You got an idea on a price? Love fishing for flounder!


----------



## snakeman14 (Apr 17, 2008)

cablechris- that is one of the things I am having to work on. Right now I am selling my bonita, spanish and pompano jigs from $1.00 to $1.50, I would prefer to stay somewhere in that range but because these jigs are made out of silicon skirt material and some of the powder paints are custom paints it looks like I will be selling them at $1.50 to $2.00. Right now all I have left is to sit down and figure out how many I can do in an hour. At most they will cost $2.00 on the forum and in store $3.50 to $4.00. That is the big downfall to these jigs is that they are expensive, however with the heavy epoxy I put on them and the strength of the silicone material they are very duriable! I will probably give a discount on bulk orders so the price stays down at the tackle shops. If anybody has any opinions on this or any colors they might like to see let me know please.


----------



## cablechris (May 3, 2011)

Looking forward to putting a few of them in the tackle box!!!


----------



## bluskies (Jan 21, 2011)

I'll buy some. PM me


----------



## SouthAlabamaSlayer (Oct 13, 2011)

I will definitely get some when you put them up. I'm wondering if tipping them with a gulf swimming mullet or just a regular curly tail grub would kill them like I think it would. Where you fishing structure?


----------



## bassassassin (May 30, 2009)

Thats a stud flounder!


----------



## snakeman14 (Apr 17, 2008)

Thanks everybody, and I have some of the jigs for sale under the fishing gear for sale section. Check out all i offer, by this weekend I should have a few more posted. 

Southalabamaslayer- I think either way would work great!
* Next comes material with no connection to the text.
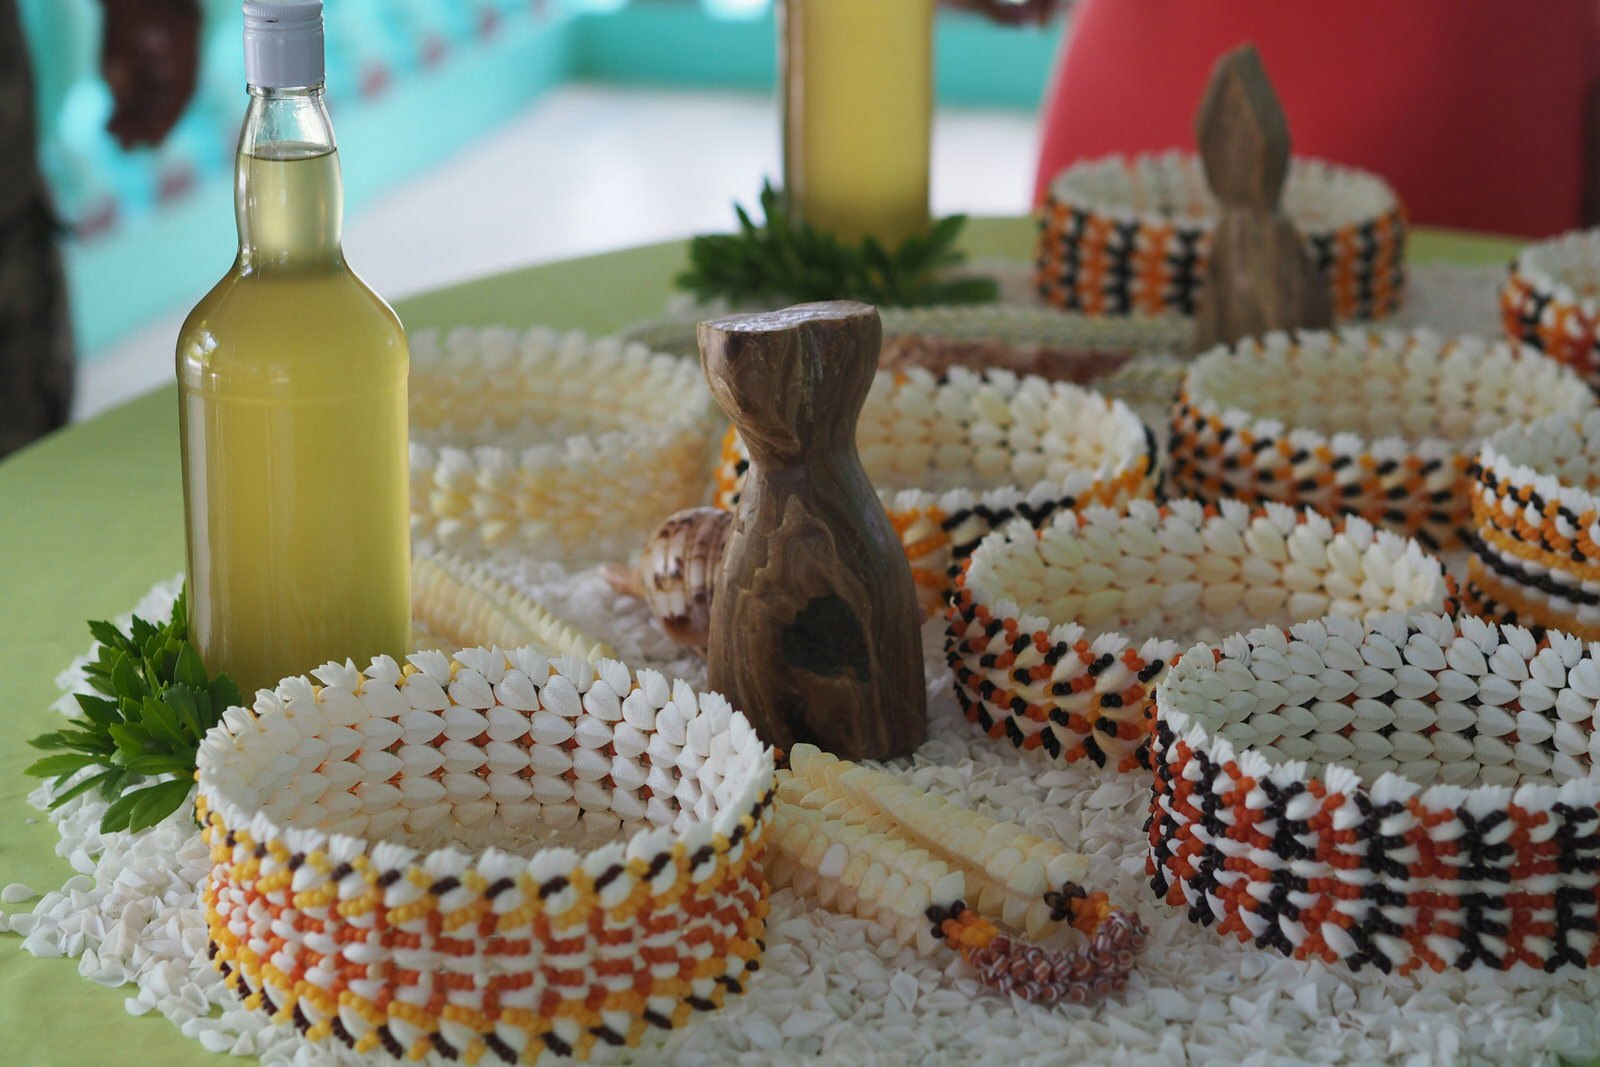 Several bracelets crafted from white and coloured shells from Anaa displayed on a table.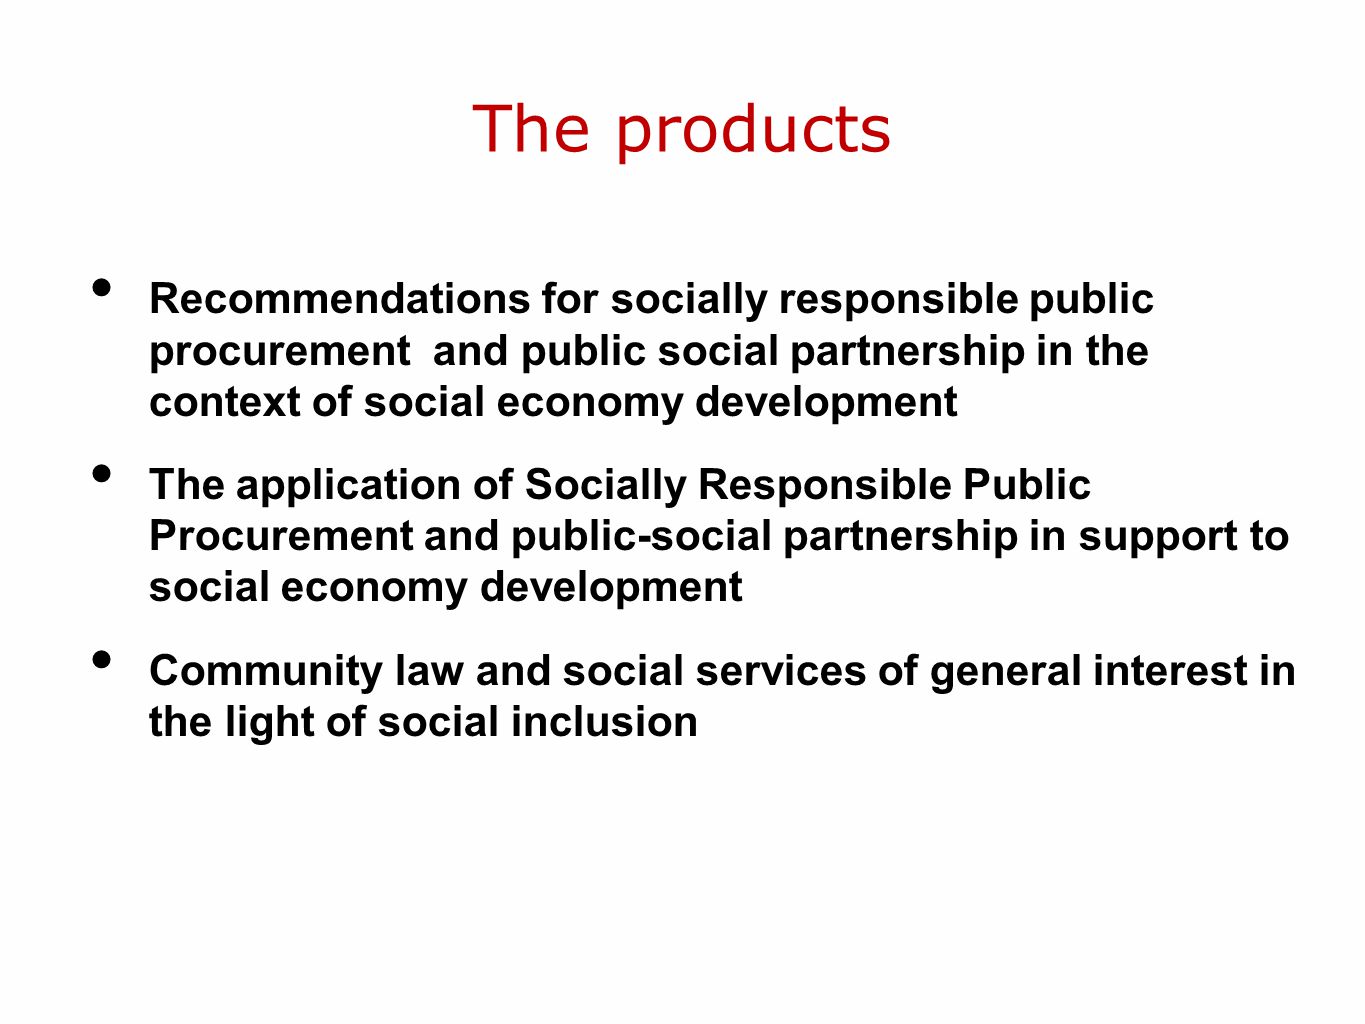 The products Recommendations for socially responsible public procurement and public social partnership in the context of social economy development The application of Socially Responsible Public Procurement and public-social partnership in support to social economy development Community law and social services of general interest in the light of social inclusion

And when I am fishing I usually am looking for places with a steady flow or water movement. Mainly points, backsides of jetties and docks that have movement with them. Pretty much any bridges in this local area are great places to put several fish as well as redfish and a few trout in the cooler!


----------



## bluskies (Jan 21, 2011)

I'm going fishing this weekend, can I pick up your jigs at Tightlines


----------



## snakeman14 (Apr 17, 2008)

Well I do not carry these at Tightlines yet, however within the next week or so they should be there. If I'm lucky you will start seeing them there as well as Hot Spots and Gulf Breeze bait and tackle. Sorry for the wait.


----------